You want both attribute (`id`) and elements (`name`, `department`).

---

```sql
SELECT
  emp.value:"@id"::STRING AS employee_id,
  emp.value:"name"::STRING AS employee_name,
  emp.value:"department"::STRING AS department
FROM employee_xml,
LATERAL FLATTEN(TO_ARRAY(XMLGET(xml_data, 'employee'))) emp;
```

✅ **Explanation:**

* Attributes always start with `@` (e.g. `"@id"`).
* Child nodes are accessed by their names (e.g. `"name"`).
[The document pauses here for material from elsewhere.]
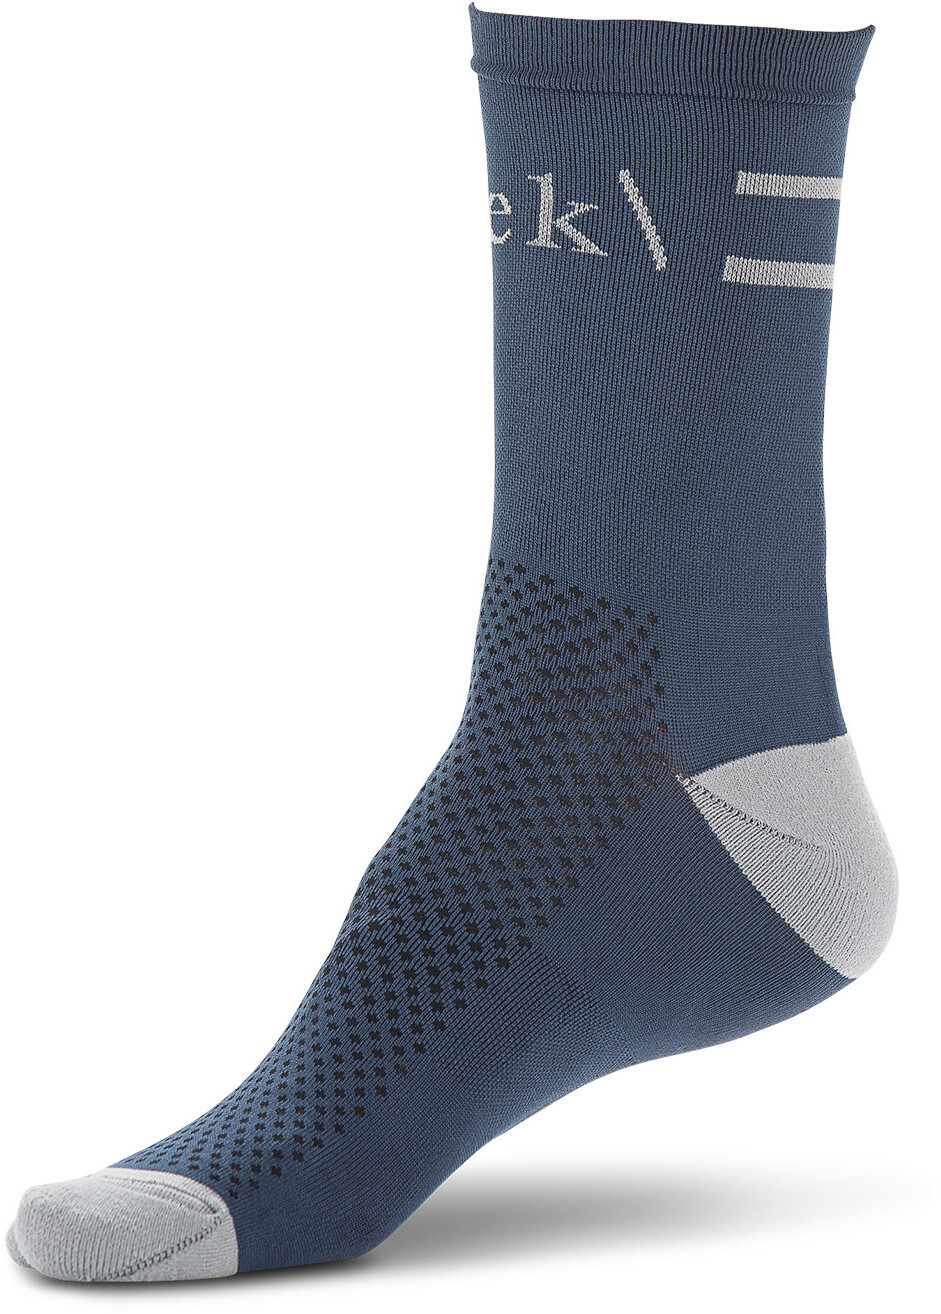 RYKE Mid Cut Strømper, blue (2020) | Socks

This is the typical pattern you’ll use in **real data warehousing pipelines**.

---

### **5️⃣ How can you join XML data with relational tables?**

> **Scenario:**
> You have:
>
> * A `department_table` in relational format.
> * An XML column storing employee details (name, dept_id, salary).

---

```sql
SELECT
  d.department_name,
  e.value:"name"::STRING AS employee_name,
  e.value:"salary"::STRING AS salary
FROM employee_xml,
LATERAL FLATTEN(TO_ARRAY(XMLGET(xml_data, 'employee'))) e
JOIN department_table d
  ON e.value:"dept_id"::STRING = d.department_id;
```

✅ **Explanation:**

* Flatten XML into rows.
* Extract relational values (`dept_id`).
* Join like a normal relational query.

That’s how **Snowflake bridges structured and semi-structured data seamlessly**.

---

## 🧠 Key Takeaways

| Concept          | Function / Method                | Purpose                      |
| ---------------- | -------------------------------- | ---------------------------- |
| Parse XML        | `PARSE_XML()`                    | Convert string → VARIANT XML |
| Access element   | `XMLGET(column, 'tag')`          | Get child node               |
| Access attribute | `"@attr_name"`                   | Get attribute value          |
| Flatten XML      | `LATERAL FLATTEN(TO_ARRAY(...))` | Expand repeating nodes       |
| Count elements   | `ARRAY_SIZE(TO_ARRAY(...))`      | Count repeated tags          |
| Nested iteration | Multiple `LATERAL FLATTEN()`     | Traverse multiple XML layers |

---

## 🎯 Final Practice Challenge

> Create a `customer_orders` table that stores XML of customers and their multiple orders.
> Then write a query that extracts:
>
> * Customer name
> * Each product name and price
> * Total number of orders per customer

Use everything you’ve learned — `XMLGET`, `LATERAL FLATTEN`, `ARRAY_SIZE`, and nested flattening.